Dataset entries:
- Opening Delimiter -
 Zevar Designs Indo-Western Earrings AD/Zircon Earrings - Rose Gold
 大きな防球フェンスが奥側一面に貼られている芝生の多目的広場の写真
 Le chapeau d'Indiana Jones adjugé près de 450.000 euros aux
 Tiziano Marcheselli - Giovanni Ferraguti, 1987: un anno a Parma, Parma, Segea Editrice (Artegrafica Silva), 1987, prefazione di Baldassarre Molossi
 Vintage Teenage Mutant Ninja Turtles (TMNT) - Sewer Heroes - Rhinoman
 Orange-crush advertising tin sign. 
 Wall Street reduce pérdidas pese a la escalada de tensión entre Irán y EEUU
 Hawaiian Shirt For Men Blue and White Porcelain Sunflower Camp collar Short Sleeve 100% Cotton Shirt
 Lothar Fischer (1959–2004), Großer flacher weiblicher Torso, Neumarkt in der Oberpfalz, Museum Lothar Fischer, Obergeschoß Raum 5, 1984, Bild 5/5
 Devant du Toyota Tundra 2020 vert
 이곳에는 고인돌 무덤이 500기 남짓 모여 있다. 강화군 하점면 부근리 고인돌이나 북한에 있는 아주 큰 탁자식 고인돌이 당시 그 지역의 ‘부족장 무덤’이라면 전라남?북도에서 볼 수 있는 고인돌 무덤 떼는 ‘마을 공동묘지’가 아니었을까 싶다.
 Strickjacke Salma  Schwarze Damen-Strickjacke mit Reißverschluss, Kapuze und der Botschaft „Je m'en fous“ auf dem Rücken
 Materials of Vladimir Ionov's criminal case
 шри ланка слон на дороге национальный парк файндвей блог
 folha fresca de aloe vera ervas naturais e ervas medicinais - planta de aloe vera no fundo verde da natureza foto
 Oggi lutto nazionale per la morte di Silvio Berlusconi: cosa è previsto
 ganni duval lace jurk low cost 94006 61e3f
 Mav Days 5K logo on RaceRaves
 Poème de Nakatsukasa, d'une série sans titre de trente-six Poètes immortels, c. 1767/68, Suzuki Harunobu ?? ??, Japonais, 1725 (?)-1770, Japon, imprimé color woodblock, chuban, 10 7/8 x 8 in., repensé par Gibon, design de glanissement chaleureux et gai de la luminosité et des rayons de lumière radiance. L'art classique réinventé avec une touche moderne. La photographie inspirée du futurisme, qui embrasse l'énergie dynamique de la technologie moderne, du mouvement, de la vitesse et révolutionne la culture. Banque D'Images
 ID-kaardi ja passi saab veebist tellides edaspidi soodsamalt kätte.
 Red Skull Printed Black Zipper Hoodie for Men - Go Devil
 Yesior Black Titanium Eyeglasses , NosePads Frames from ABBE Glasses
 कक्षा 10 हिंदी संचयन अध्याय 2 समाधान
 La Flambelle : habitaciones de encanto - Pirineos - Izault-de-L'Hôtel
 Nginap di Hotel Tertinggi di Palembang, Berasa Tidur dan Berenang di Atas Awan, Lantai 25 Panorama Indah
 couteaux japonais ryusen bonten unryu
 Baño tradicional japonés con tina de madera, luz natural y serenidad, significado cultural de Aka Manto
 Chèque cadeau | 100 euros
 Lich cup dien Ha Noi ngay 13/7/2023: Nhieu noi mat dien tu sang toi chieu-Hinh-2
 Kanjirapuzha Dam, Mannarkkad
- Closing Delimiter -
» **EXERCISE**
Copy the records above exactly, starting at the line that contains "Lothar Fischer (1959–2004), Großer" and ending at the last line, and leave out all earlier lines.

» **RESULT OF THE EXERCISE**
 Lothar Fischer (1959–2004), Großer flacher weiblicher Torso, Neumarkt in der Oberpfalz, Museum Lothar Fischer, Obergeschoß Raum 5, 1984, Bild 5/5
 Devant du Toyota Tundra 2020 vert
 이곳에는 고인돌 무덤이 500기 남짓 모여 있다. 강화군 하점면 부근리 고인돌이나 북한에 있는 아주 큰 탁자식 고인돌이 당시 그 지역의 ‘부족장 무덤’이라면 전라남?북도에서 볼 수 있는 고인돌 무덤 떼는 ‘마을 공동묘지’가 아니었을까 싶다.
 Strickjacke Salma  Schwarze Damen-Strickjacke mit Reißverschluss, Kapuze und der Botschaft „Je m'en fous“ auf dem Rücken
 Materials of Vladimir Ionov's criminal case
 шри ланка слон на дороге национальный парк файндвей блог
 folha fresca de aloe vera ervas naturais e ervas medicinais - planta de aloe vera no fundo verde da natureza foto
 Oggi lutto nazionale per la morte di Silvio Berlusconi: cosa è previsto
 ganni duval lace jurk low cost 94006 61e3f
 Mav Days 5K logo on RaceRaves
 Poème de Nakatsukasa, d'une série sans titre de trente-six Poètes immortels, c. 1767/68, Suzuki Harunobu ?? ??, Japonais, 1725 (?)-1770, Japon, imprimé color woodblock, chuban, 10 7/8 x 8 in., repensé par Gibon, design de glanissement chaleureux et gai de la luminosité et des rayons de lumière radiance. L'art classique réinventé avec une touche moderne. La photographie inspirée du futurisme, qui embrasse l'énergie dynamique de la technologie moderne, du mouvement, de la vitesse et révolutionne la culture. Banque D'Images
 ID-kaardi ja passi saab veebist tellides edaspidi soodsamalt kätte.
 Red Skull Printed Black Zipper Hoodie for Men - Go Devil
 Yesior Black Titanium Eyeglasses , NosePads Frames from ABBE Glasses
 कक्षा 10 हिंदी संचयन अध्याय 2 समाधान
 La Flambelle : habitaciones de encanto - Pirineos - Izault-de-L'Hôtel
 Nginap di Hotel Tertinggi di Palembang, Berasa Tidur dan Berenang di Atas Awan, Lantai 25 Panorama Indah
 couteaux japonais ryusen bonten unryu
 Baño tradicional japonés con tina de madera, luz natural y serenidad, significado cultural de Aka Manto
 Chèque cadeau | 100 euros
 Lich cup dien Ha Noi ngay 13/7/2023: Nhieu noi mat dien tu sang toi chieu-Hinh-2
 Kanjirapuzha Dam, Mannarkkad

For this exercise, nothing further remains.